** WORK REQUIRED **
From the records below, set down exactly the lines starting with the line that contains "Modern Fuchsia Pink" and going on through the line that contains "Medway Council HEALTH". Nothing else is wanted.

** EXTRACTED ENTRIES **

- - -

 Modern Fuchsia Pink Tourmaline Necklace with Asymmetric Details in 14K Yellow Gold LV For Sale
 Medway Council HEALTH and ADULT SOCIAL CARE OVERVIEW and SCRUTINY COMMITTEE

- - -

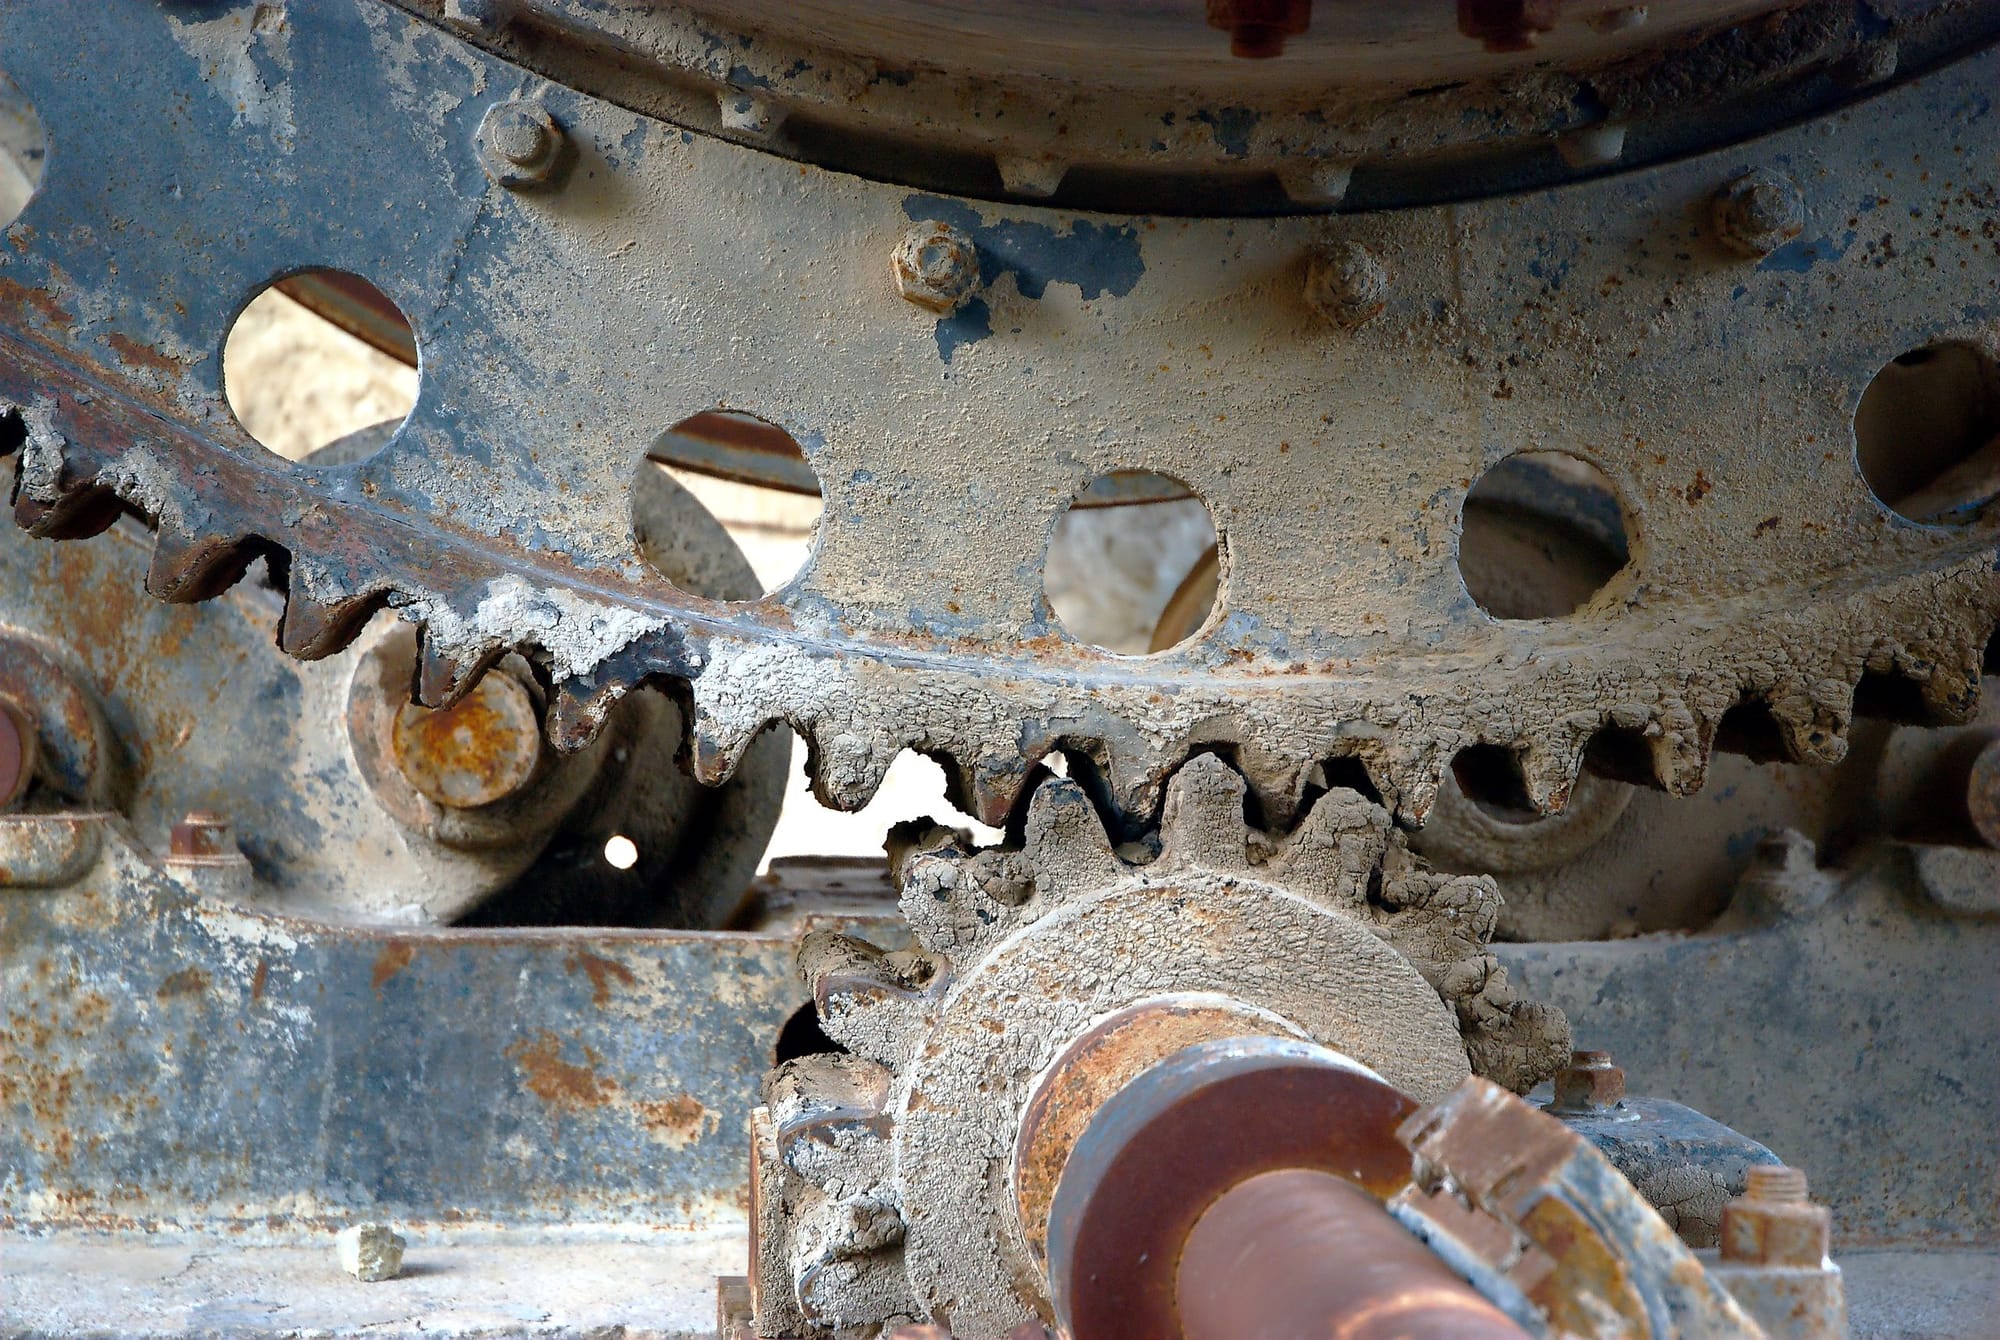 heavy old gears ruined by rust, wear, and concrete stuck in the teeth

- - -

** TASK RESULT **
 Modern Fuchsia Pink Tourmaline Necklace with Asymmetric Details in 14K Yellow Gold LV For Sale
 Medway Council HEALTH and ADULT SOCIAL CARE OVERVIEW and SCRUTINY COMMITTEE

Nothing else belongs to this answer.